Instead of setting New Year’s resolutions, I set New Month’s resolutions. So, rather than brainstorming a few different goals to tackle throughout the year, I set one main goal to tackle each month. In January, I set a fairly simple goal of journaling each night. In February, I (regrettably) challenged myself to do 100 squats every single day. And in March, I attempted to defy all odds and give up social media.
That’s right—no Facebook, Instagram, or Snapchat for 31 days. When I shared this news with my friends or my coworkers, I was frequently met with wide-eyed stares and nervous smiles. Nobody thought I could do it. And nobody understood why I would want to do it. But my determination (and stubbornness) led me straight to success. And I’m happy to report that my predictions were correct: First, it wasn’t that hard. And second, it was incredibly therapeutic. Why? Because the benefits greatly outweighed the negatives. Sure, I missed out on a few updates from my friends. But I also escaped the dark rabbit hole that leads a healthy mind astray.
Down the Rabbit Hole: Harmful Effects of Social Media
As many now know, social media isn’t all it’s cracked up to be.

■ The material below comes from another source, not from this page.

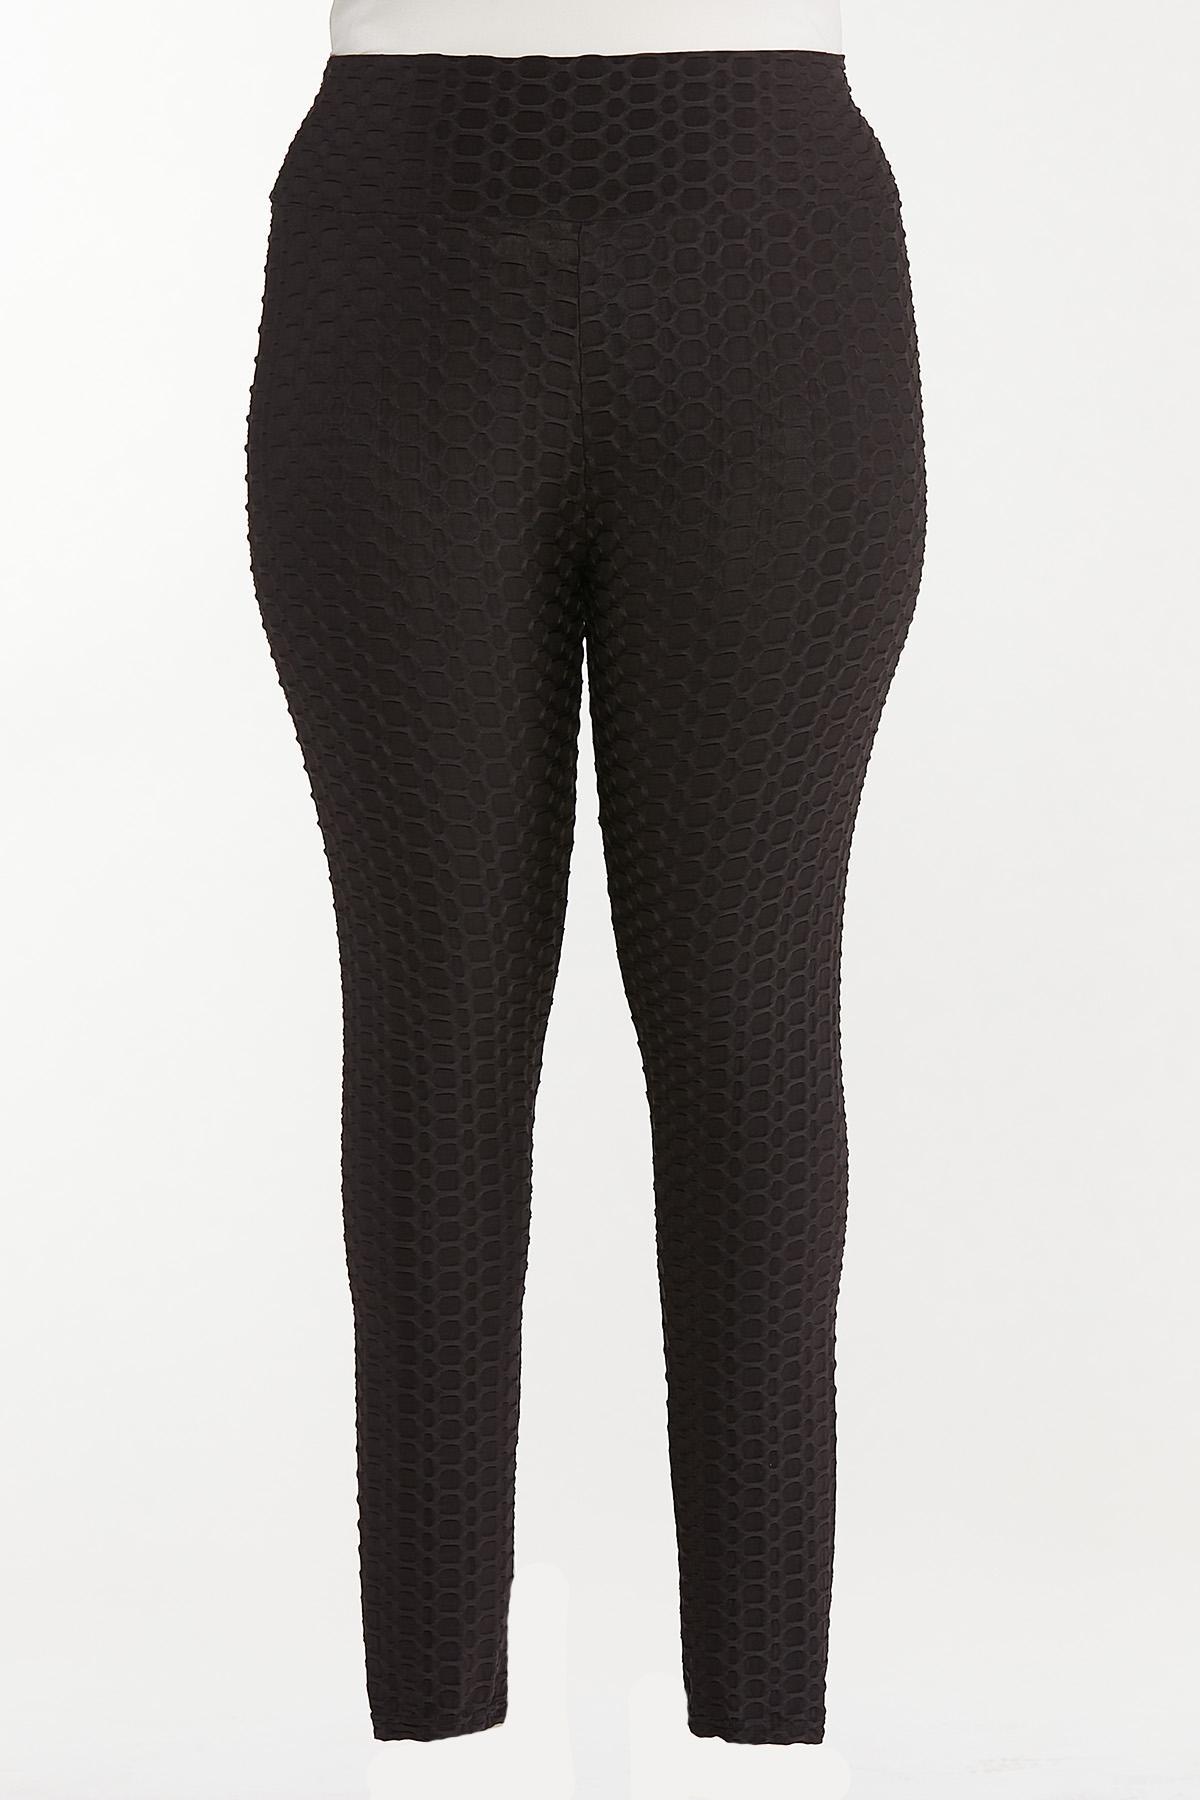 Plus Size Textured Leggings

While it promotes worldwide connectivity and enables one to share or receive news in an instant, it has some enormous drawbacks. Most notably, it can (and does) negatively affect users’ mental health and overall wellbeing. “In this media driven world, many spend way too much time comparing their blooper scenes to everyone else’s highlight reel. This will do nothing but cause you to feel depressed and anxious,” Licensed Clinical Psychotherapist Jessica Snyder explains. Additionally, spending too much time on social media can…
- Lower one’s self-esteem
- Lead to feelings of loneliness
- Trigger jealous thoughts
- Damage one’s sense of self
“Turn the media off. Stop Scrolling. Turn away from the chaos in the world for a little while,” Snyder recommends. She goes on to suggest that in place of all that scrolling, you spend more time enjoying a good book, catching up with friends and family, or maybe even refocusing your mind. Now, whatever it is you choose to do, don’t get sucked down the rabbit hole—and no, that doesn’t mean you have to completely surrender your social media accounts like I did. It’s all about adopting healthier social media habits, instead.
4 Rules for Healthy Social Media Use
For most, it’s pretty unrealistic to completely give up social media forever. Admittedly, even I, after feeling incredibly refreshed and relieved from my social media break, was excited to sign back in. But thanks to my hiatus, I was ready and prepared to do so. Those four weeks allowed me to get my mind straight and reflect on how my social media use in the past negatively affected me. More importantly, it enabled me to identify and implement much healthier social media habits going forward. And fortunately for you, I’m going to share them with you. Here are 4 simple guidelines for using social media whilst keeping your mental wellbeing intact:
1) Be intentional about your time on social media. Instead of allowing yourself to scroll and scroll and scroll—in bed in the morning, on your break at work, during dinner with friends—set some boundaries. Allot a certain amount of time to spend on social media, say no more than an hour a day.
2) Only follow those that have a positive impact on your life. This is another good rule of thumb, as certain people don’t have anything good to offer their followers. Weed these accounts out, and only follow those that have a positive impact on your life, such as your best friend, the fun foodie, or the inspiring world traveler.
3) Challenge its reputation as a highlight reel. Take it upon yourself to challenge social media as a highlight reel. If you aren’t familiar with this reference, it basically means that users only put their best selves on display. This only creates unrealistic expectations and leads to feelings of inadequacy in others—unless we object. Make it your mission to put the real you on display, flaws and all.
4) Choose a day or two to completely unplug. And finally, know when it’s time to sign off. We can all benefit from a day or two a week completely free of social media. Identify a good time for you and then say “see you later” to your feeds.